↓↓↓

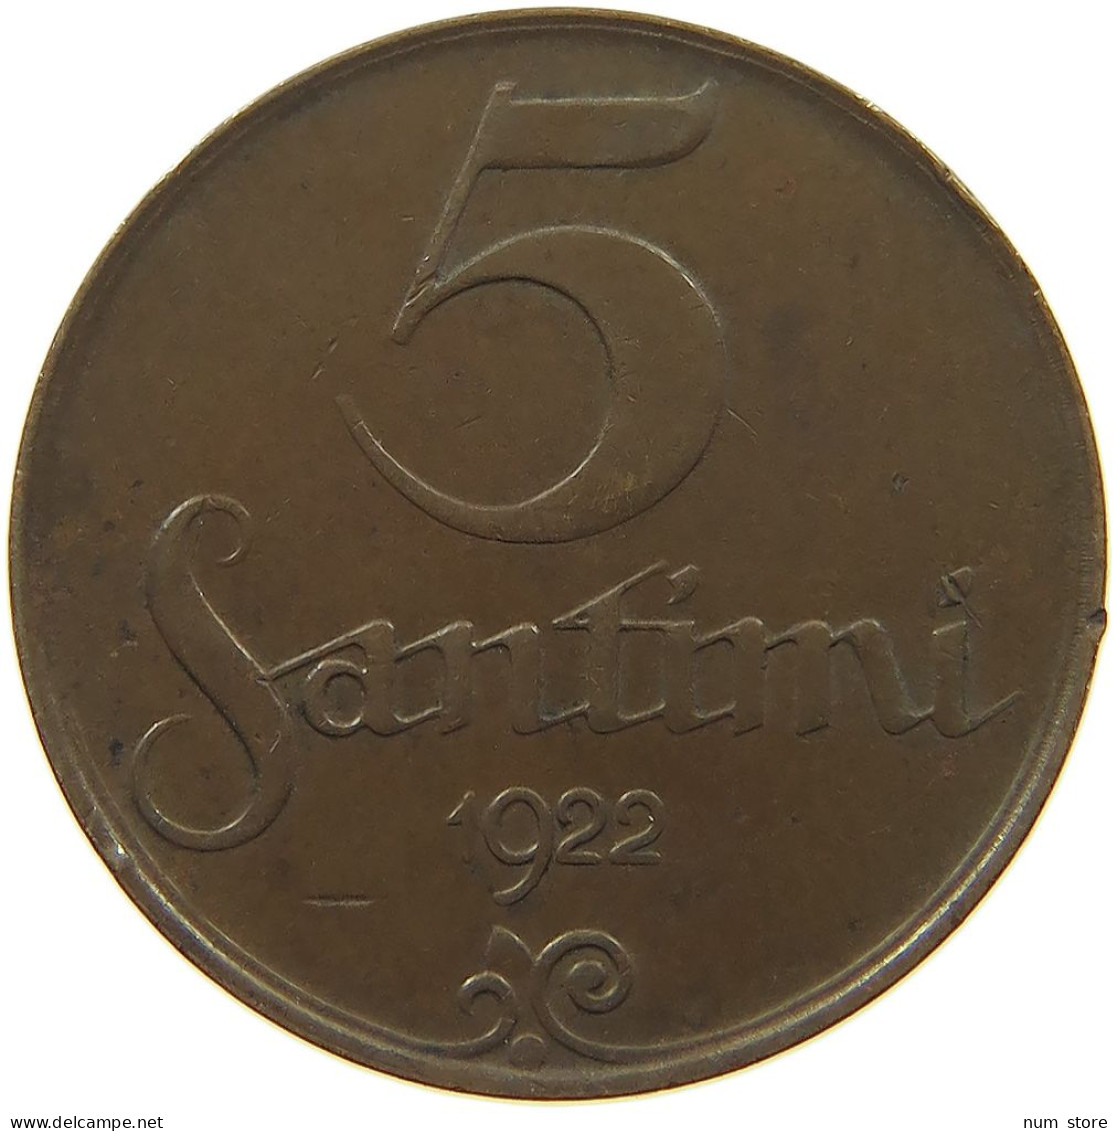 LATVIA 5 SANTIMI 1922  #c080 0687 - Latvia
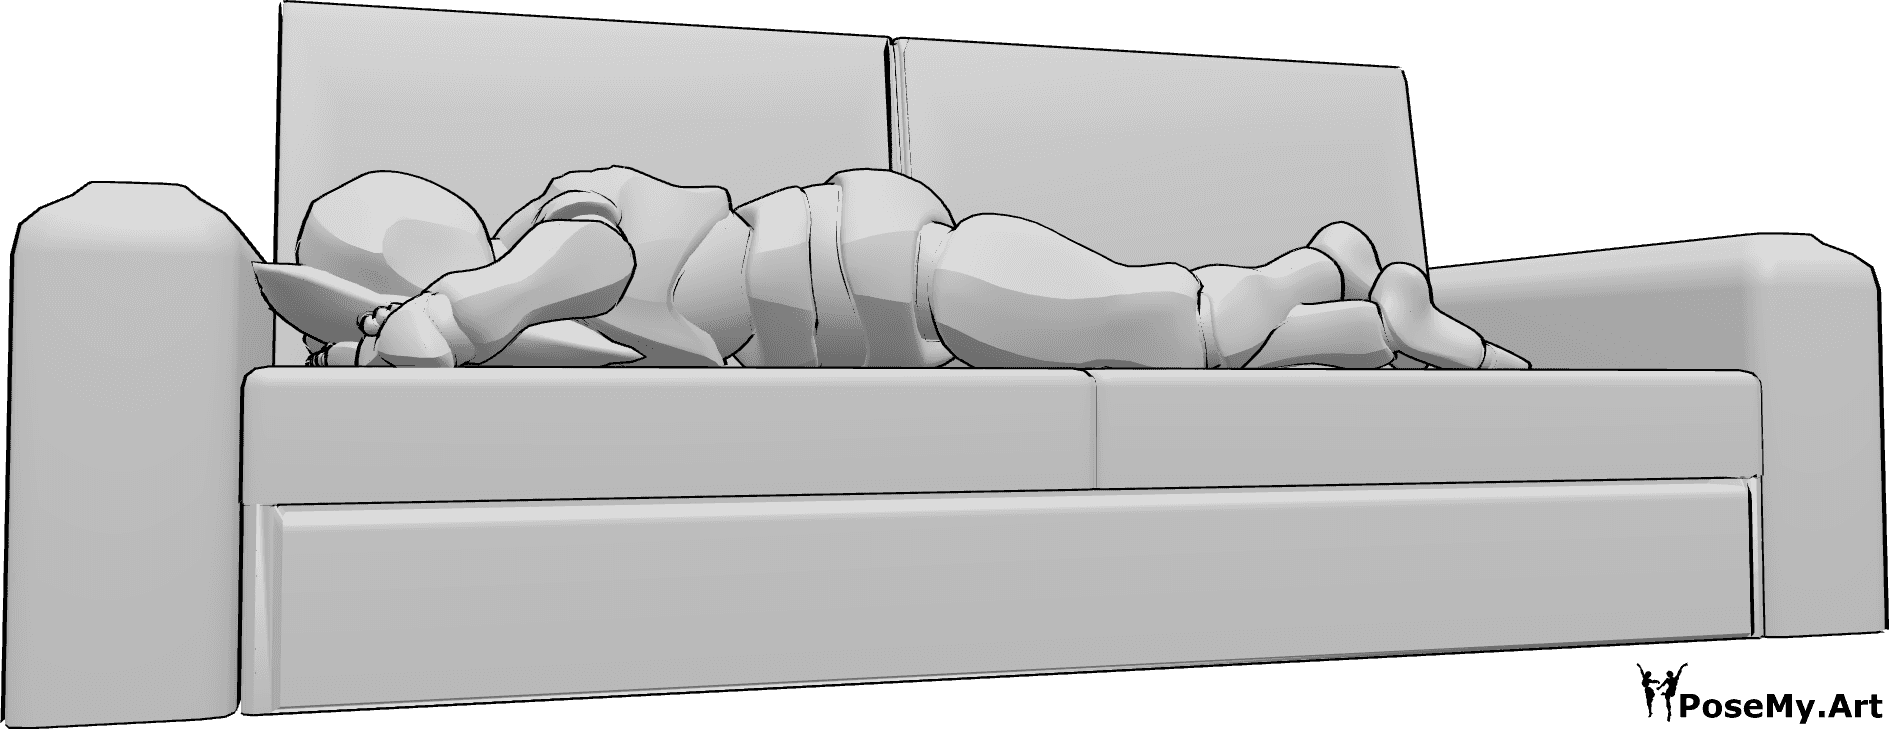 Referência de poses- Homem em pose deitado no sofá - O homem está deitado de barriga para baixo no sofá, com a cabeça apoiada numa almofada
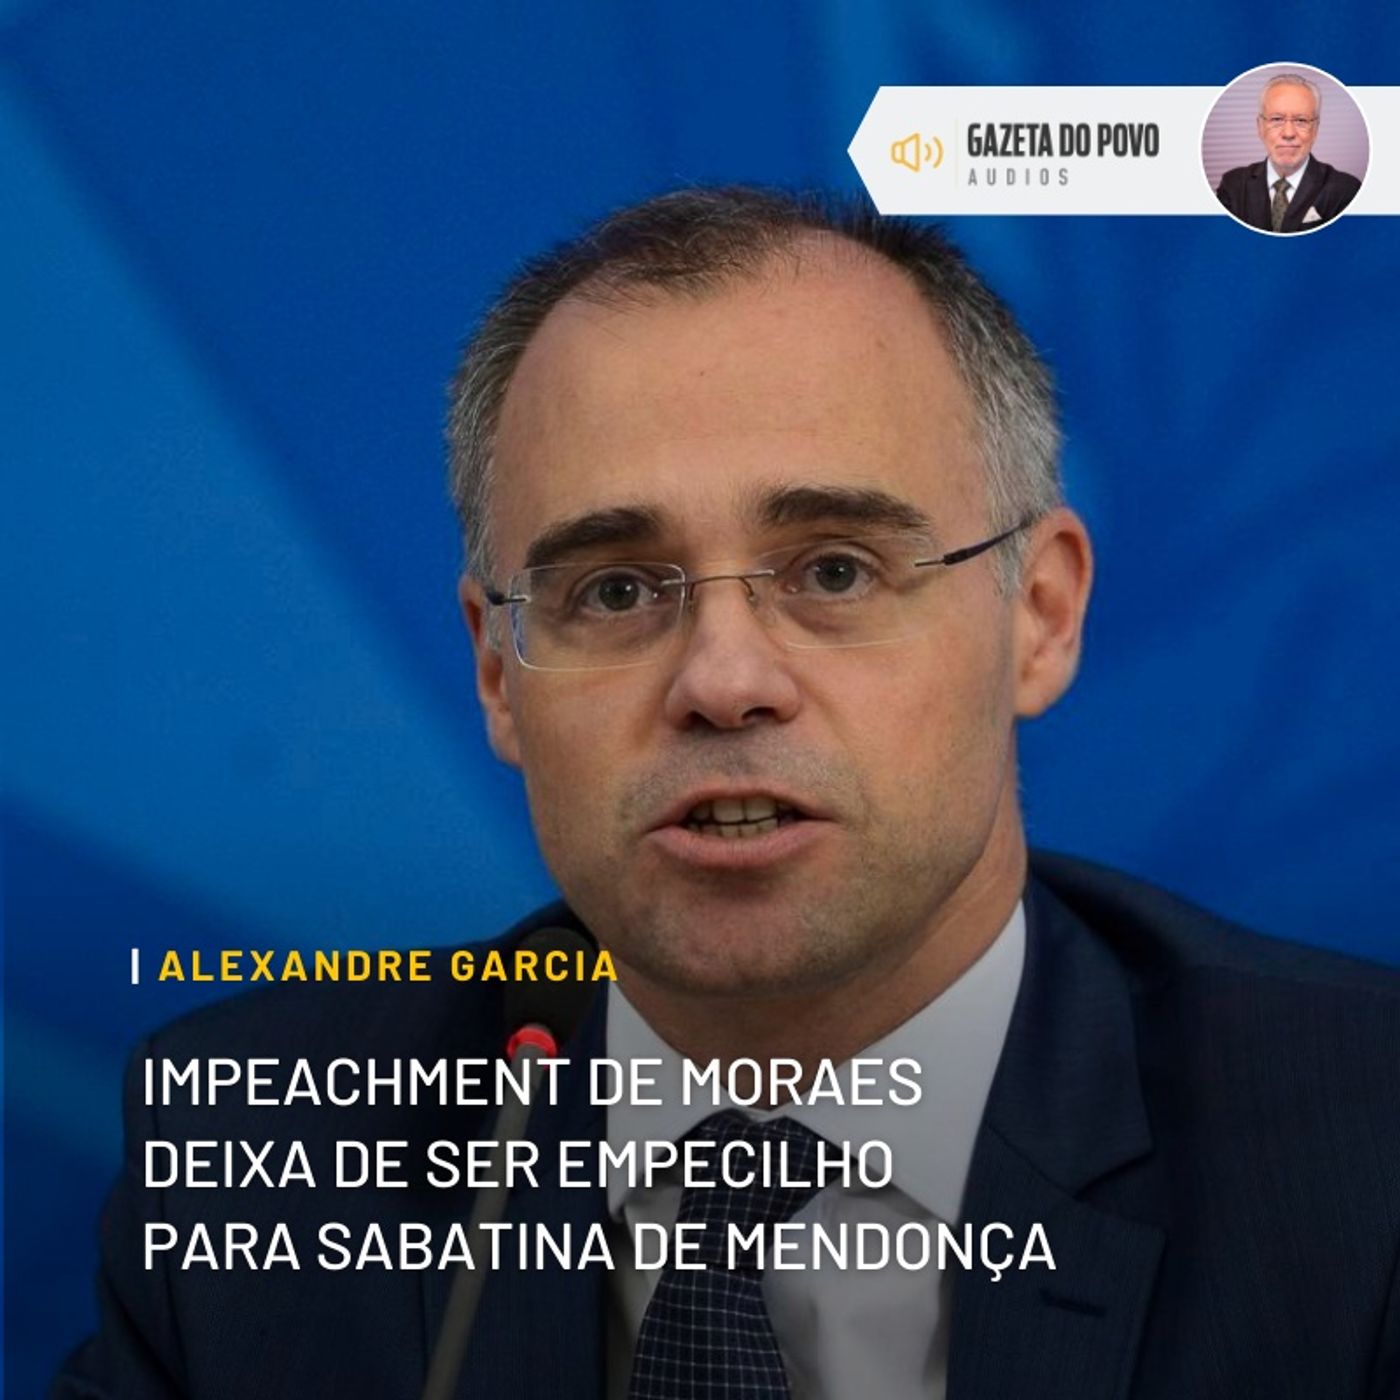 Impeachment de Moraes deixa de ser empecilho para sabatina de Mendonça

↑↑↑

WHAT IS NEEDED ▸ From the line containing "Referência de poses- Homem" down to the final line of the listing above, write out only those lines exactly as they are, minus the pictures.

SOLUTION TO THE PROBLEM ▸
 Referência de poses- Homem em pose deitado no sofá - O homem está deitado de barriga para baixo no sofá, com a cabeça apoiada numa almofada
 Impeachment de Moraes deixa de ser empecilho para sabatina de Mendonça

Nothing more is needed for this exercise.